Admito que não sou muito fã de frio e inverno, excepcionalmente se estiver debaixo dum edredom escutando a playlist Dias de Chuva, com um chá quente de erva cidreira que mamãe costuma fazer para mim. É, bem clichê, eu sei. Mas o que é a minha vida senão a nostalgia e mesmice de sempre? Meus dias cinzas nunca se estenderam tanto, como um vírus parasita que se aloja teimosamente no corpo de alguém, sugando toda a vida. Eu quase posso sentir o tempo passar, fisicamente, como o vento.

Peguei a caneca, hesitei. Contemplava meu reflexo naquela água escura da superfície, enquanto respirava aquela fumaça adocicada que me dava um pouco de calor nos pulmões. Pude ver a melancolia embaçar meus olhos.

- Eliote! – Gritou mamãe, lá debaixo. Sua voz me despertou.

Larguei a caneta em cima dos papeis, rascunhos de alguma parte sentimental de mim que tentava captar. Vesti um casaco que estava esquecido na cama, e desci as escadas que davam do corredor do primeiro andar diretamente à sala de estar.

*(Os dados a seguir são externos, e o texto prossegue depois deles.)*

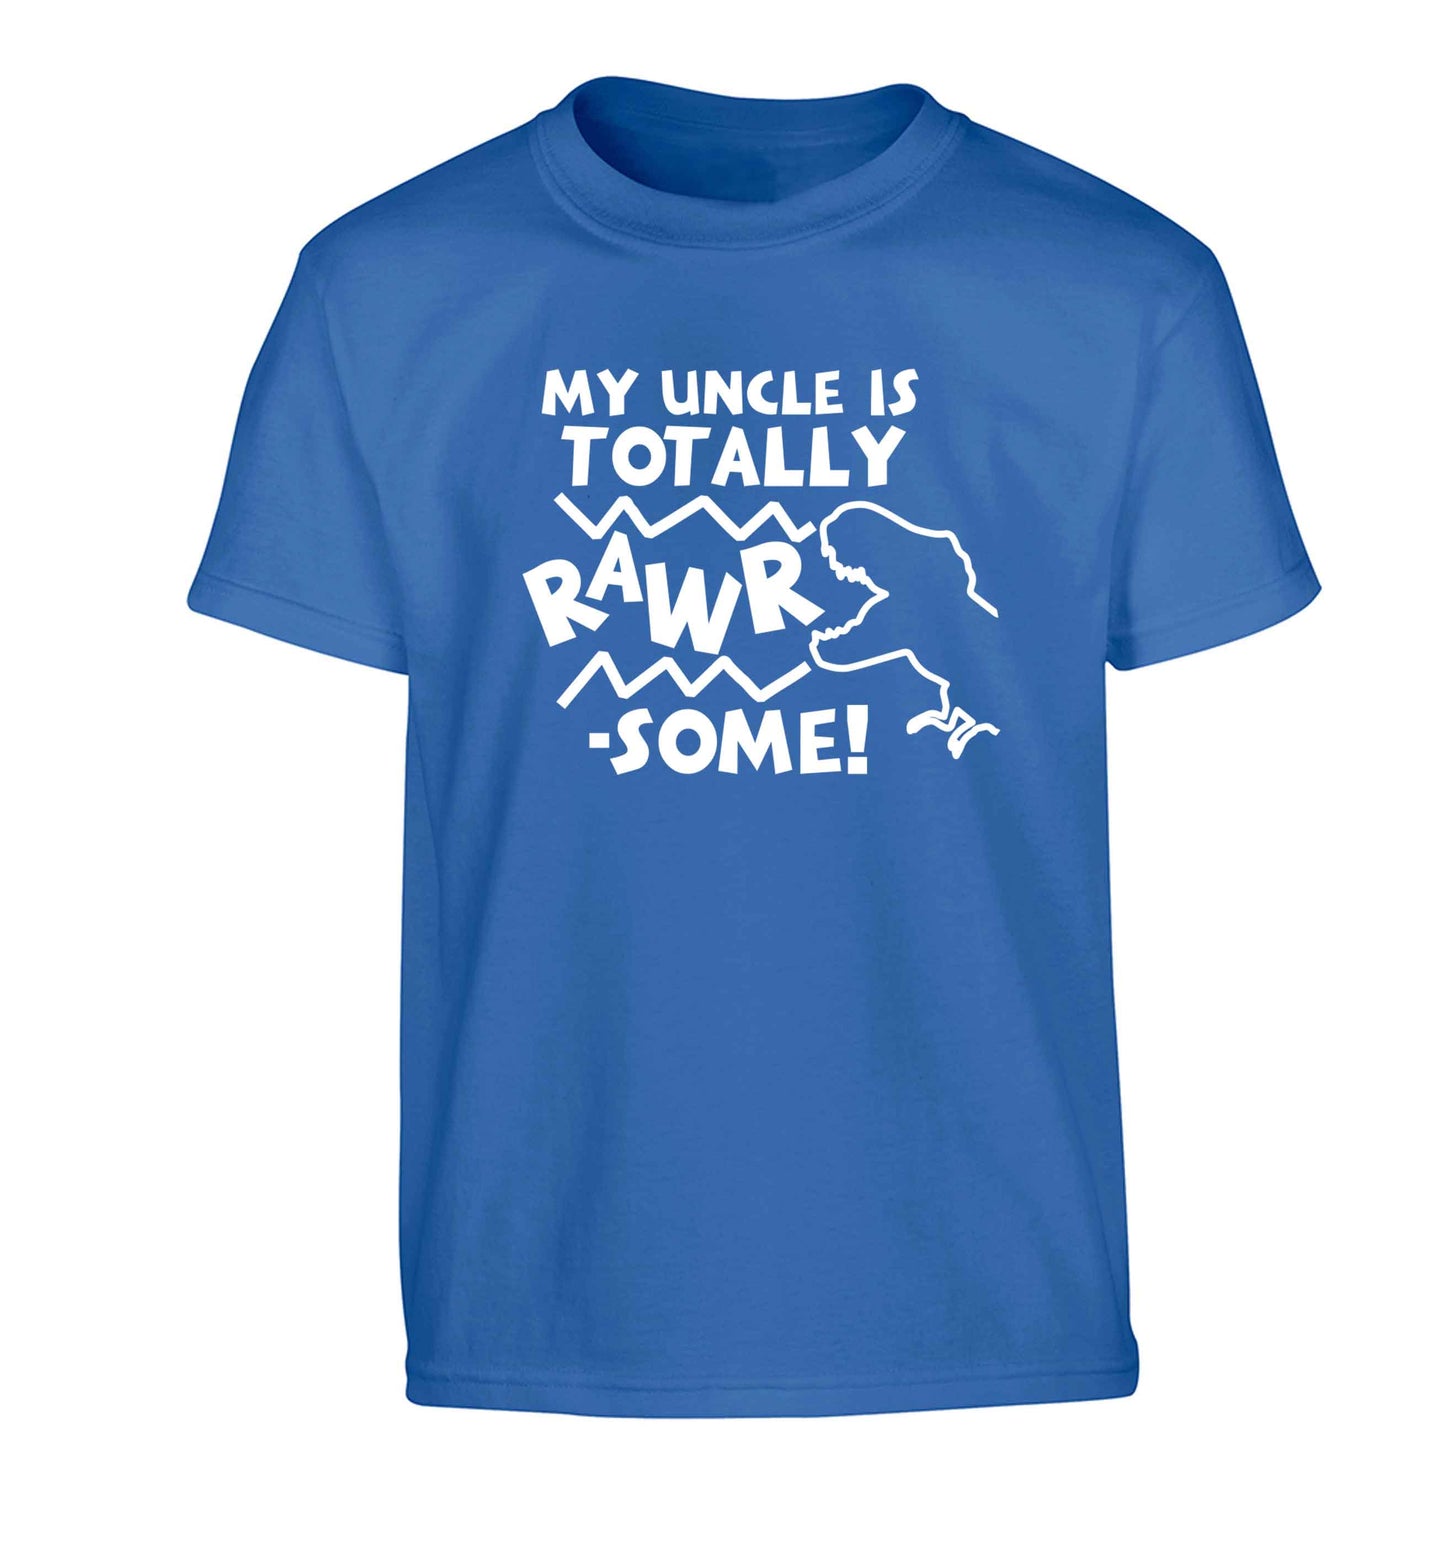 My uncle is totally rawrsome Children's blue Tshirt 12-13 Years

Talvez se meus pés não tivessem habituados em descer às pressas eu tivesse reparado nas vozes alheias que preenchiam o ambiente. Isso me daria uns minutos a mais para me preparar para lidar com pessoas, quem sabe eu fingisse nem escutar a mamãe. No entanto não seria o bastante. Nada seria, pois quando o destino quer, o universo trama e nós escorregamos nos detalhes direto para o meio do palco.

Exatamente assim que me senti quando me deparei pela primeira vez com o garoto cujo rumo da minha vida iria mudar.

Foi no exato momento que a maldita chuva desaguou torrentes de horas a fio.

Mamãe, e todos os outros rostos desconhecidos concentraram em mim. Senti minhas bochechas esquentarem.

- Ah, esse é o meu filho– Disse, enquanto virava para mim num sorriso brilhante – Eliote, essa é a senhorita Charlize McOy.

Apressei-me a cumprimentá-la com um leve aperto de mão. Ambas sentadas no sofá.

- Olá Eliote, muito prazer. Esses são meus filhos, Giullia – Apontou a garotinha que mexia num tablet ao seu lado. E finalmente: – Galiel. Somos seus novos vizinhos.

A senhorita McOy foi bastante simpática e naturalmente gentil. Ao contrário do seu filho, que ao ser apresentado apenas ergueu a mão num breve e sem graça aceno antes de voltar sua atenção para seu smartphone.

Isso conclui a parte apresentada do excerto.